In the regulated pharmaceutical and biotech medical device industries, inspections by government agencies are often a prerequisite for new product-marketing approvals. Knowing what to expect and how to prepare for and respond to such inspections is as critical as conducting sound clinical research. As the FDA and other regulatory authorities increase the frequency of inspections, it is imperative that everyone involved in the development of new therapies be familiar with government inspection processes and their role during these inspections.
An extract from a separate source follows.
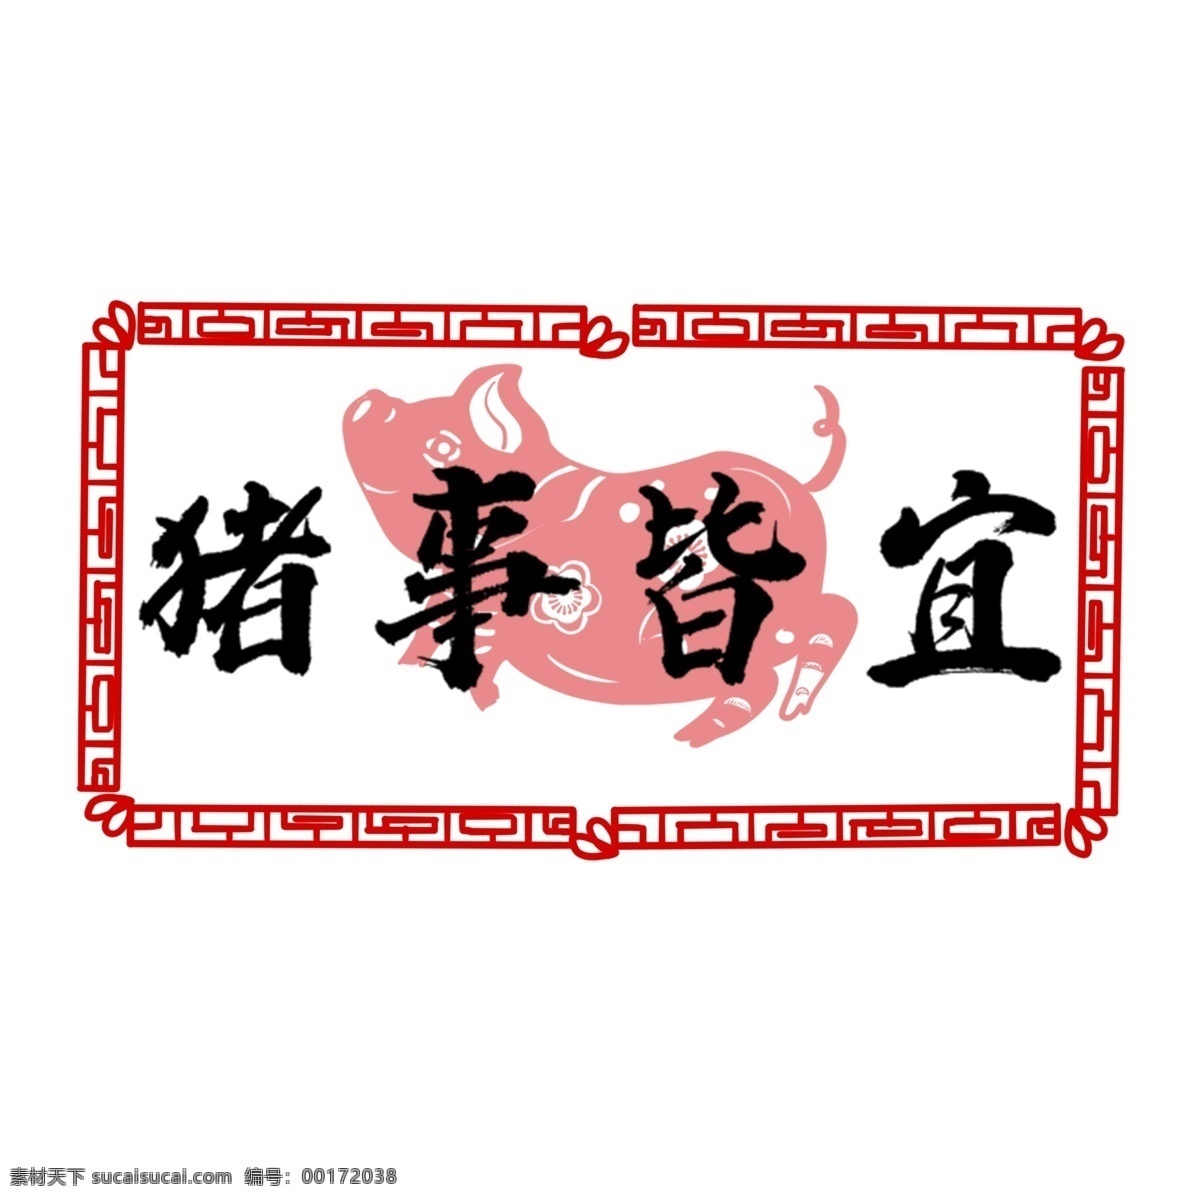 猪 事 皆 宜 书法艺术 字 水墨 中国 风 手绘 新年 春节 艺术字 中国风 水墨风 猪事皆宜

This course helps participants prepare for FDA inspections and conduct sponsor audits.

Skills Needed

• To be successful in this class all students should have working knowledge of Google’s G Suite or Microsoft Office, proper email etiquette, and essential understanding of Canvas.

Learning Outcomes

At the conclusion of the course, you should be able to

• Describe current sponsor and FDA practices expected during inspections.
• Discuss how regulations and guidance are applied to improve inspection readiness.
• Explain the differences between audits and inspections, sponsor responsibilities in relation to the FDA.
• Identify risks in clinical trials that will be issues during a sponsor audit or FDA inspection

Topics Include

• Investigator and sponsor/monitor inspections
• How and when inspections occur
• FDA inspection procedures and practices
• Conducting sponsor audits and inspections
• Interacting professionally with inspectors
• Responding effectively to inspectors' observations

Notes

This course benefits professionals involved in all aspects of clinical research including sponsor clinical development personnel, quality assurance and compliance, investigators, monitors, regulatory affairs personnel, data managers, and safety surveillance personnel.

Professional Credit: CA BRN/LVN Credit--Provider #CEP13114.